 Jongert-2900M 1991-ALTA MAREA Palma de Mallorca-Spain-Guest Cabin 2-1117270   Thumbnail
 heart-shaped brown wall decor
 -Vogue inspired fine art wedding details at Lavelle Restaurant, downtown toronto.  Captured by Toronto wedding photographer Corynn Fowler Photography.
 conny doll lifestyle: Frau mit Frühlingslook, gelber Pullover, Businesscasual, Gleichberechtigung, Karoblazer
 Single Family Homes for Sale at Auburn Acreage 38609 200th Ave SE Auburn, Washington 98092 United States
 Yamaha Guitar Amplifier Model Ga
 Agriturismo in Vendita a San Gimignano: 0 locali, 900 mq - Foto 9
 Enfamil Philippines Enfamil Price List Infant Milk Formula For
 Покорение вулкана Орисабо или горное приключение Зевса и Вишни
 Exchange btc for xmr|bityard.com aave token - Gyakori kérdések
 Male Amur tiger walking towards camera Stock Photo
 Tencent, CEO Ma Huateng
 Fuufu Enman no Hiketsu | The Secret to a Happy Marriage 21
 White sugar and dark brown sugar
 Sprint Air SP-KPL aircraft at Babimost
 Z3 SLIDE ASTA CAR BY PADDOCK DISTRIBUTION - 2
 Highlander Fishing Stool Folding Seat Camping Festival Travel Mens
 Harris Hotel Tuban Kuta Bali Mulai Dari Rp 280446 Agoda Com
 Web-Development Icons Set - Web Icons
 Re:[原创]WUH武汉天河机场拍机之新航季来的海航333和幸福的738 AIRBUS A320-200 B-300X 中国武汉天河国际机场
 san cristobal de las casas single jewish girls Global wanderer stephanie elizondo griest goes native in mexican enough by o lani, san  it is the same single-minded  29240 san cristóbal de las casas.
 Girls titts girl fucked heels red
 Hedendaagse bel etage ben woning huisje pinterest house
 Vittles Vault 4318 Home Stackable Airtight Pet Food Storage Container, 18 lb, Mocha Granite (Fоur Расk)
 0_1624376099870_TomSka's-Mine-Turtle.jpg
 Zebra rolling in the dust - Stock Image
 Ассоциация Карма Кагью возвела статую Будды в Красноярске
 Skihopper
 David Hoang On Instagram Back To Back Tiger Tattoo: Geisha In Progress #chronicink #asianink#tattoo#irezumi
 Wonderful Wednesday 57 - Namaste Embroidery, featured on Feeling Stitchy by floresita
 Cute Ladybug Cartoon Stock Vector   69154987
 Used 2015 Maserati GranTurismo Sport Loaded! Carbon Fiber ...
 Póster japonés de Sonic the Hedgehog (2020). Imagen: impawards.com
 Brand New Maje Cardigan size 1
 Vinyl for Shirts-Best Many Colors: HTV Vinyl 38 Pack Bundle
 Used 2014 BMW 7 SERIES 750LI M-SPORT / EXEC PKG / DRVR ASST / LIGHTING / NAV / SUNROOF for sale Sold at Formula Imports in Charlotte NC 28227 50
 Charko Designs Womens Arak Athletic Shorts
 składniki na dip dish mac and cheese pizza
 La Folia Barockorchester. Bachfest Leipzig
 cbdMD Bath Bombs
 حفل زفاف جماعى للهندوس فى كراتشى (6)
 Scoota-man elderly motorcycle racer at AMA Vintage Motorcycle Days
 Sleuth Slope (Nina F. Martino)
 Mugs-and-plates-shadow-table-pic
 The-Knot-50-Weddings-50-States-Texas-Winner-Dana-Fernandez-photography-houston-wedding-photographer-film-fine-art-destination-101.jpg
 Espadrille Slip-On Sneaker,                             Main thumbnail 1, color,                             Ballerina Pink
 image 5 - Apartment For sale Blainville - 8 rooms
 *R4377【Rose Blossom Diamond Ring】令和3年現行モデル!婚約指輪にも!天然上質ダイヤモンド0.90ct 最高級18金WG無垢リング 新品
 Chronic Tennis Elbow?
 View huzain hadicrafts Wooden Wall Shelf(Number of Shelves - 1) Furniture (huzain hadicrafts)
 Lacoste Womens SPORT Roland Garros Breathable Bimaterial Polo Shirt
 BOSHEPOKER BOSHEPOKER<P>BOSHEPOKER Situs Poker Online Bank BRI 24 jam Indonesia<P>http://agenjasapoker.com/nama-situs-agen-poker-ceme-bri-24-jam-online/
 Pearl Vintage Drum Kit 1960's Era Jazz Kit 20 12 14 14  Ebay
—————
Exercise instructions: Copy the entries above exactly, but only from the line holding "White sugar and dark brown sugar" through the line holding "Girls titts girl fucked heels red", both included.

Result of this exercise:
 White sugar and dark brown sugar
 Sprint Air SP-KPL aircraft at Babimost
 Z3 SLIDE ASTA CAR BY PADDOCK DISTRIBUTION - 2
 Highlander Fishing Stool Folding Seat Camping Festival Travel Mens
 Harris Hotel Tuban Kuta Bali Mulai Dari Rp 280446 Agoda Com
 Web-Development Icons Set - Web Icons
 Re:[原创]WUH武汉天河机场拍机之新航季来的海航333和幸福的738 AIRBUS A320-200 B-300X 中国武汉天河国际机场
 san cristobal de las casas single jewish girls Global wanderer stephanie elizondo griest goes native in mexican enough by o lani, san  it is the same single-minded  29240 san cristóbal de las casas.
 Girls titts girl fucked heels red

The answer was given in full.